IV - Irredutibilidade do valor dos benefícios

Em relação ao princípio da irredutibilidade do valor dos benefícios, entende Frederico Amado[31] que, “decorrente segurança jurídica, não será possível a redução do valor nominal de benefício da seguridade social, vedando-se o retrocesso securitário”.

Destarte, ao ser concedido o benefício pela Previdência Social ou Assistência Social, o mesmo não poderá ter seu valor nominal diminuído ou sofrer algum tipo de desconto, salvo os casos previstos em lei ou determinação judicial.[32]

V - Equidade na forma de participação no custeio

Conforme a explanação de Jefferson Luis Kravchychyn[33], “esse princípio se encontra intimamente ligado à isonomia e à capacidade contributiva, podendo ser entendido como justiça e igualdade na forma de custeio: alíquotas desiguais para contribuintes em situação desigual”.

Contudo, com a utilização desse princípio é mister saber que as contribuições devem ser realizadas de forma solidária entre o grupo, na qual obriga a participação de todos. Para alguns, comprovadas suas situações de miserabilidades, poderão ser dispensadas das cobranças das cotizações.[34]
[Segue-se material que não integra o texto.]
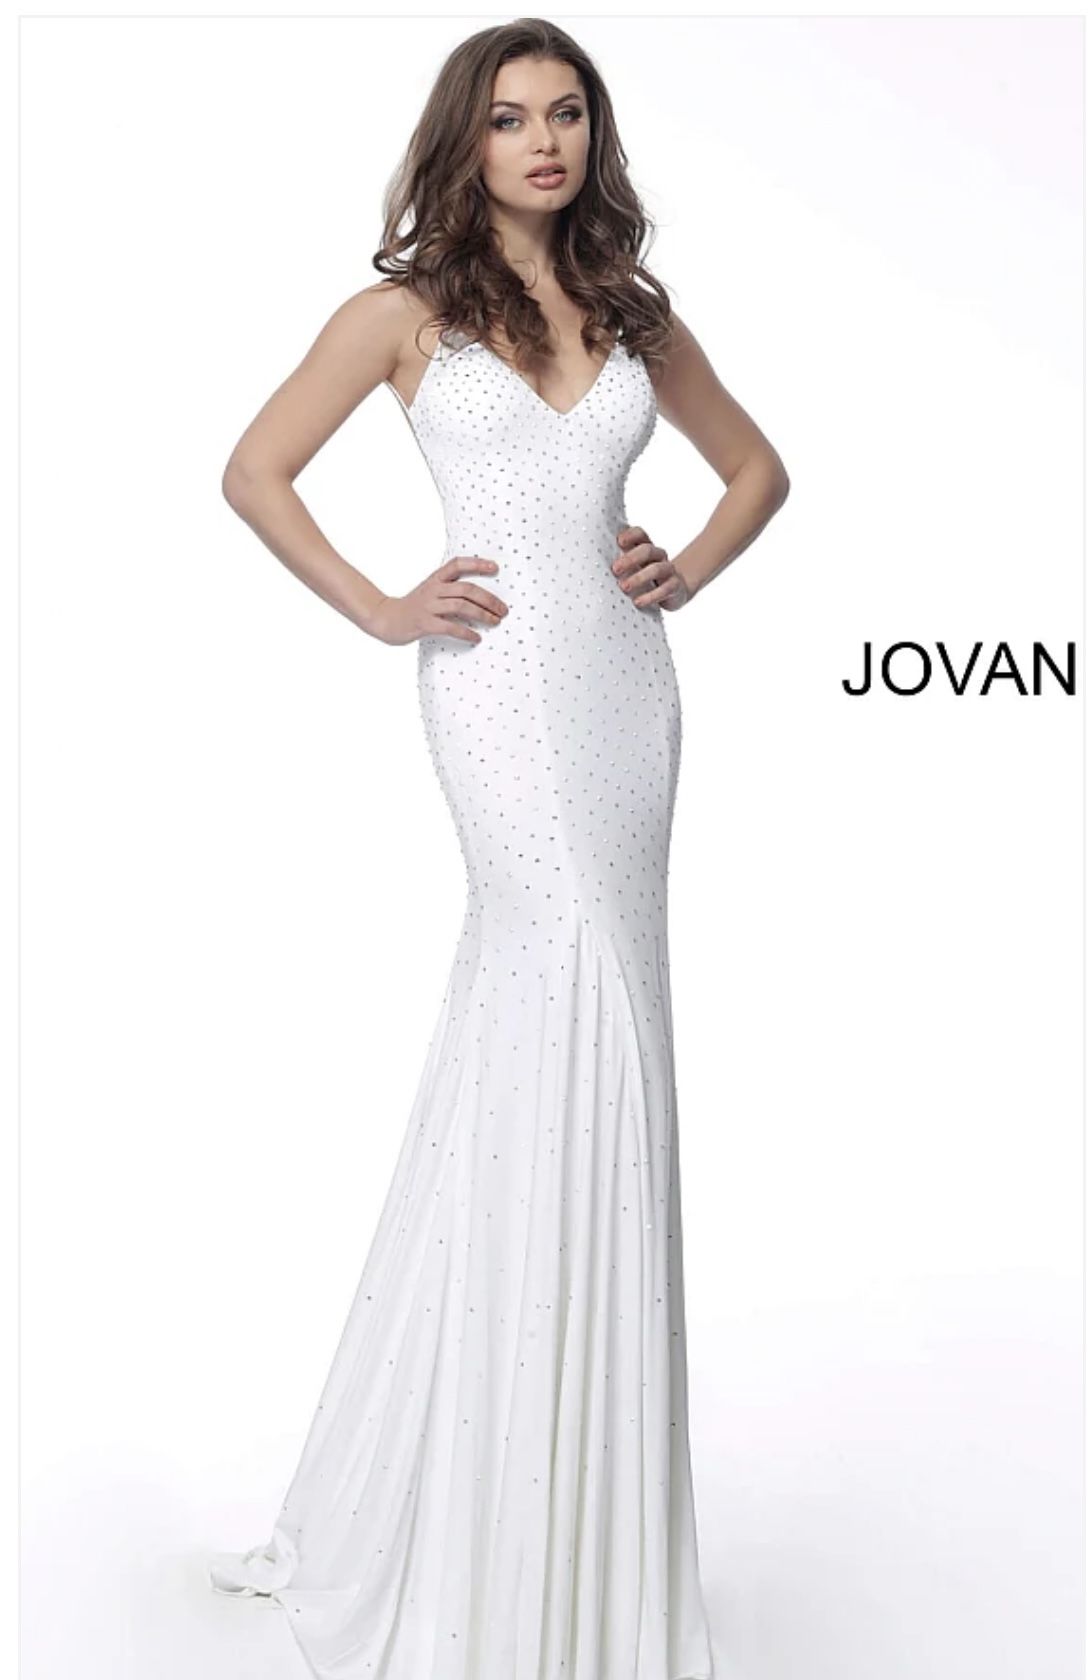 Jovani White Gown 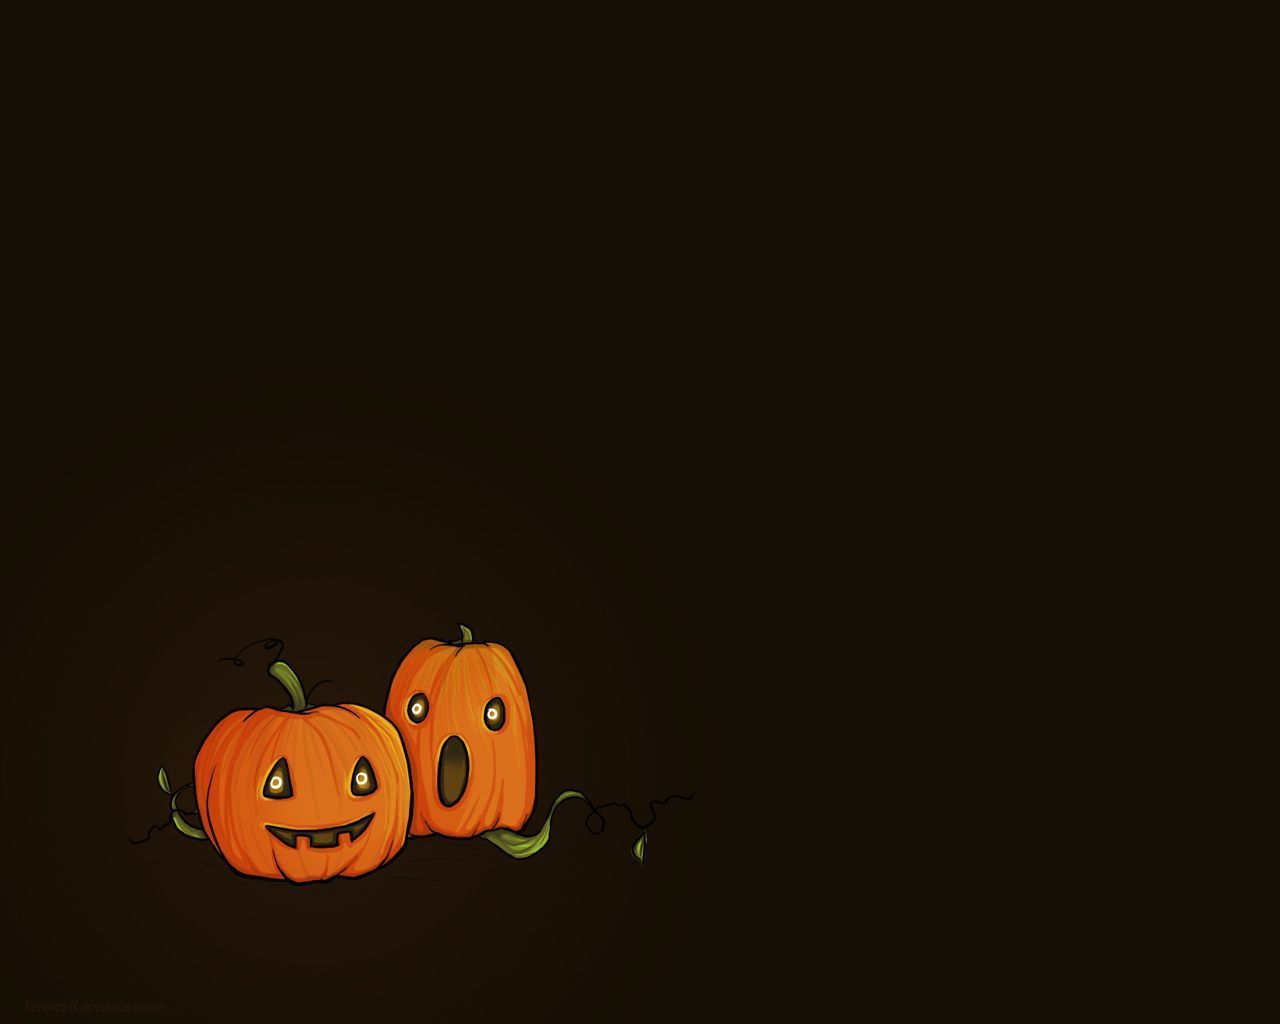 A halloween wallpaper with two pumpkins on it - Halloween desktop

VI- Diversidade da base de financiamento

Entende-se que o financiamento da Seguridade Social deverá ter diversas fontes de custeio, possuindo o objetivo de preservar a solvibilidade do sistema contributivo e impossibilitando que haja uma crise financeira em determinados setores, na qual possa comprometer a arrecadação direta e indireta juntamente com a sociedade.[35]

Portanto, o financiamento da seguridade social é mantido pela fonte tríplice de custeio, na qual abrangem as contribuições dos trabalhadores, empresas e da Administração Pública.[36]

Ex positis, Frederico Amado[37] explica que além da União, Distritos Federais, Estados e Municípios custearem a seguridade social com recursos próprios, existe os previstos no art. 195, da CRFB/88:

A) do empregador, da empresa e da entidade a ela equiparada na forma da lei;

B) do trabalhador e dos demais segurados da previdência social;

C) apostadores (receita de concursos de prognósticos);

D) importador de bens ou serviços do exterior, ou equiparados.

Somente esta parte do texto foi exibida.